Acevedo had a relapse in 1997 and returned to the State Insurance Fund on November 13, 1997. The State Insurance Fund placed Acevedo on rest. Acevedo was out of work from November 13, 1997 through June 10, 1998. On June 10, 1998, upon examination by a State Insurance Fund doctor, plaintiff was found to be in good condition to return to work without disabilities, and no medical recommendations for a reasonable accommodation were requested. On June 11, 1998, the Medical Division of the Puerto Rico Police Department issued a medical certificate after examining Acevedo; the examination did not reveal any need for a reasonable accommodation.

On June 12, 1998, Acevedo was assigned to the Arecibo area, located to the east of Aguadilla. Moca is approximately one hour from Arecibo by car. On that same *295 day, Acevedo submitted his resignation, which the Police Department accepted. On December 18, 1998, the State Insurance Fund issued a medical certificate indicating that Acevedo should avoid “long trips” due to his back condition. On March 15, 1999, the State Insurance Fund issued a medical discharge from treatment with disability. Acevedo is currently working as an auditor with the accounting firm Vila del Corral and Co. in Río Pie-dras, Puerto Rico. Río Piedras is part of San Juan, Puerto Rico, and is approximately two hours from Moca by car.

III. DISCUSSION

A. Summary Judgment Standard

Under Rule 56(c) of the Federal Rules of Civil Procedure, Summary judgment is appropriate where, after drawing all reasonable inferences in favor of the non-moving party, there is no genuine issue of material fact for trial.
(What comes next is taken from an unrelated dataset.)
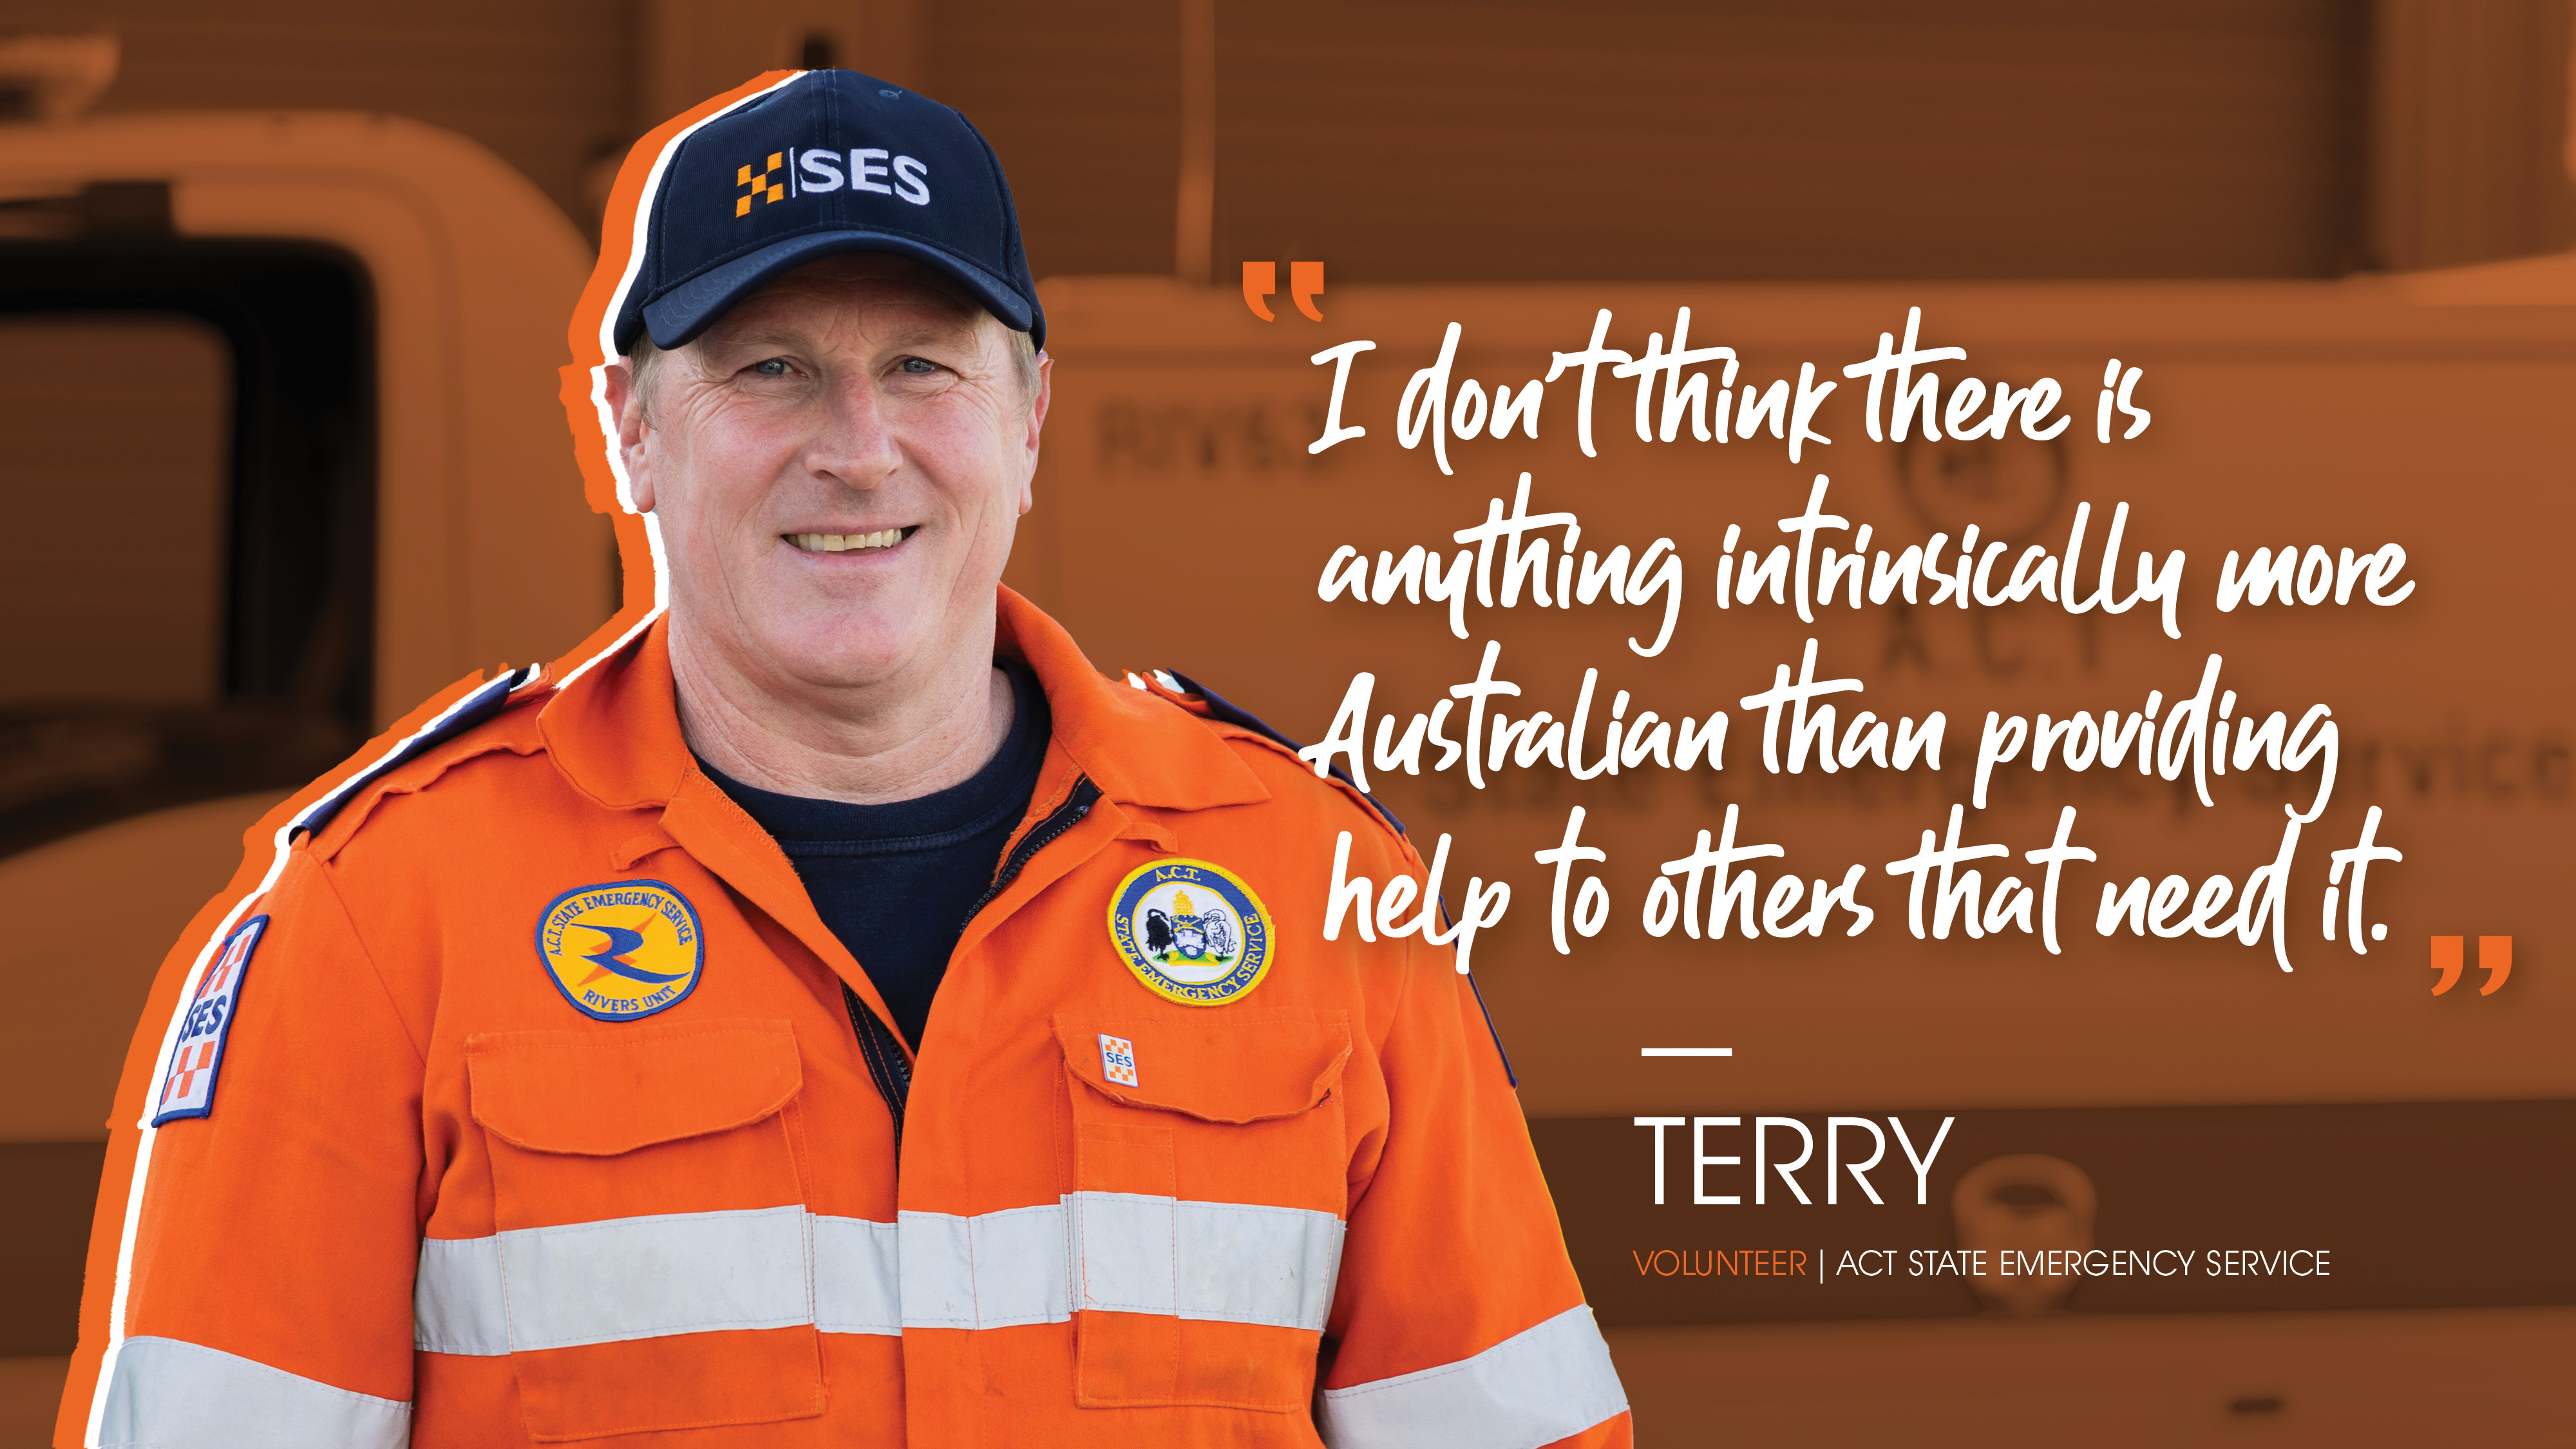 Profile photo of SES volunteer Terry with a pull quote from his story.

See Anderson v. Liberty Lobby, Inc., 477 U.S. 242, 249, 106 S.Ct. 2505, 91 L.Ed.2d 202 (1986). A fact is material if, based on the substantive law at issue, it might affect the outcome of the case. Id. at 248, 106 S.Ct. 2505; Mack v. Great Atl. and Pac. Tea Co., Inc., 871 F.2d 179, 181 (1st Cir.1989). A material issue is “genuine” if there is sufficient evidence to permit a reasonable trier of fact to resolve the issue in the non-moving party’s favor. See Anderson, 477 U.S. at 248, 106 S.Ct. 2505.; Boston Athletic Ass’n v. Sullivan, 867 F.2d 22, 24 (1st Cir.1989). The party opposing summary judgment may not rest upon mere allegations or denials of the pleadings, but must affirmatively show, through the filing of supporting affidavits or otherwise, that there is a genuine issue for trial. See Goldman v. First National Bank of Boston, 985 F.2d 1113, 1116 (1st Cir.1992); First Nat. Bank of Ariz. v. Cities Serv. Co., 391 U.S. 253, 288-89, 88 S.Ct. 1575, 20 L.Ed.2d 569 (1968).
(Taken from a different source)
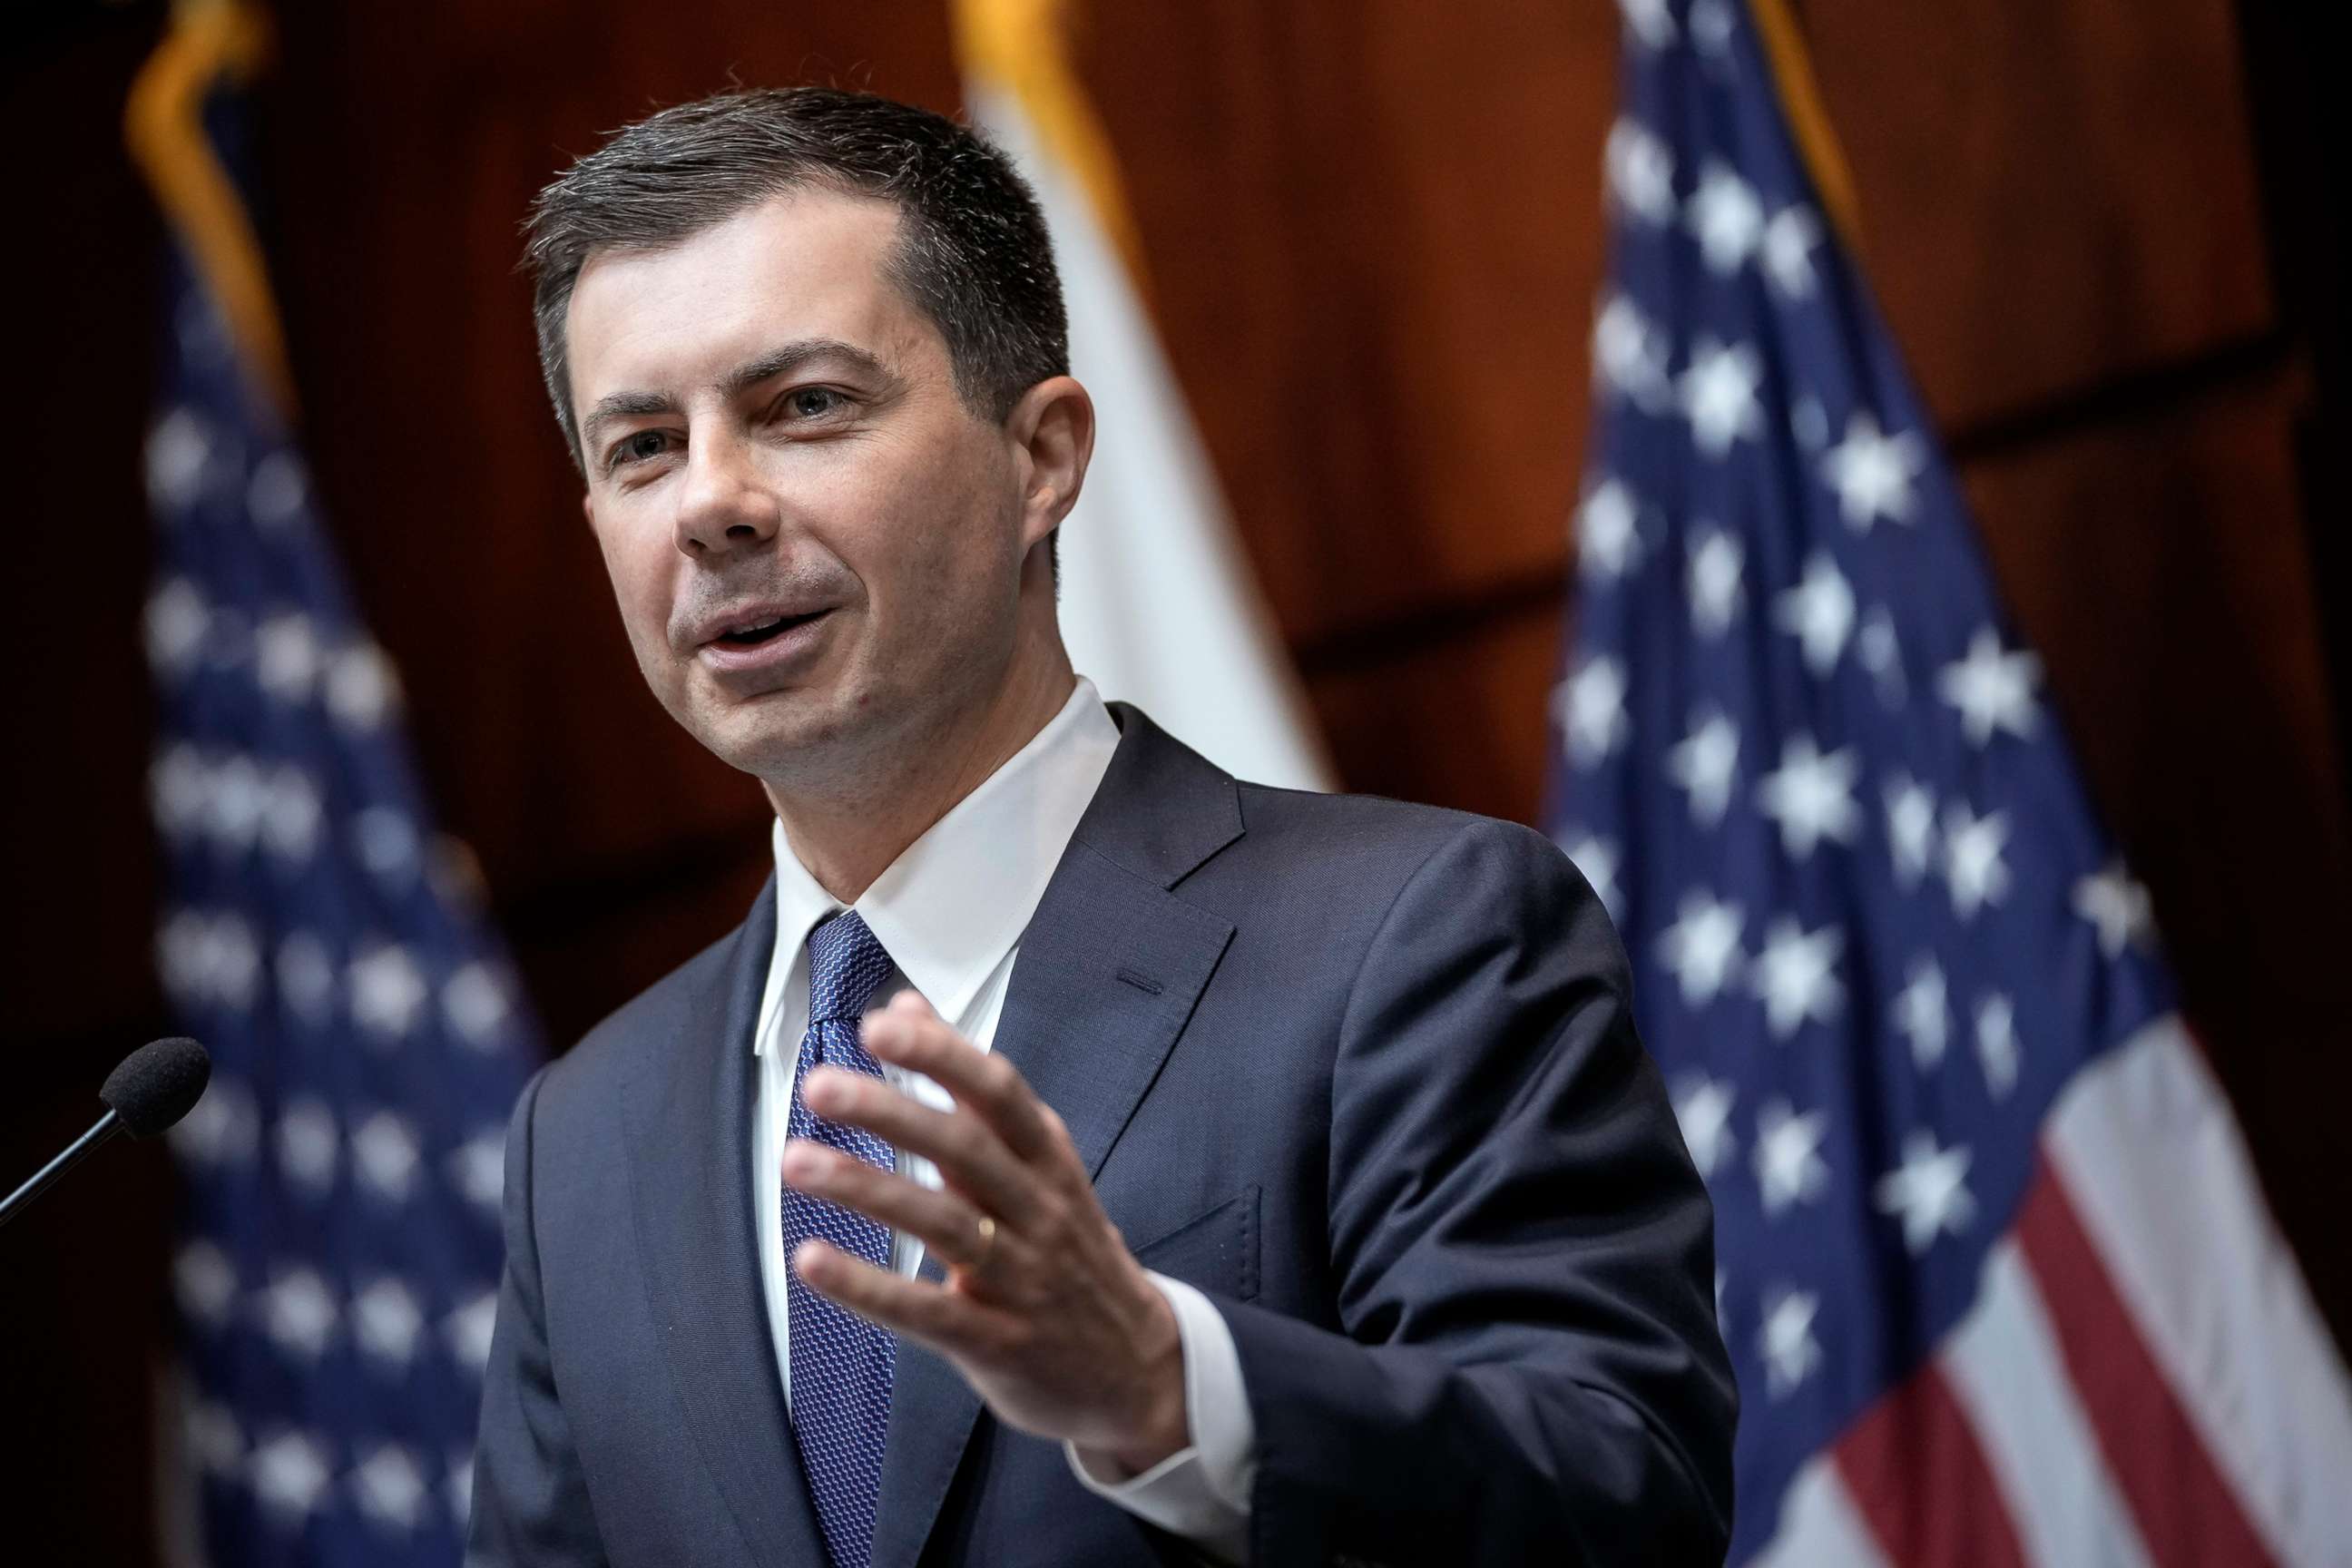 PHOTO: Secretary of Transportation Pete Buttigieg speaks during an event about fuel economy standards at the headquarters of the Department of Transportation, April 1, 2022, in Washington, D.C.

B. Americans with Disabilities Act

The Americans with Disabilities Act (“ADA”) prohibits employment discrimination against qualified individuals with disabilities who can perform the essential functions of a job with or without reasonable accommodation. See 42 U.S.C. § 12112(a). The mandate of the ADA extends to job application procedures, the hiring, advancement, or discharge of employees, employee compensation, job training, and other terms, conditions, and privileges of employment. See id.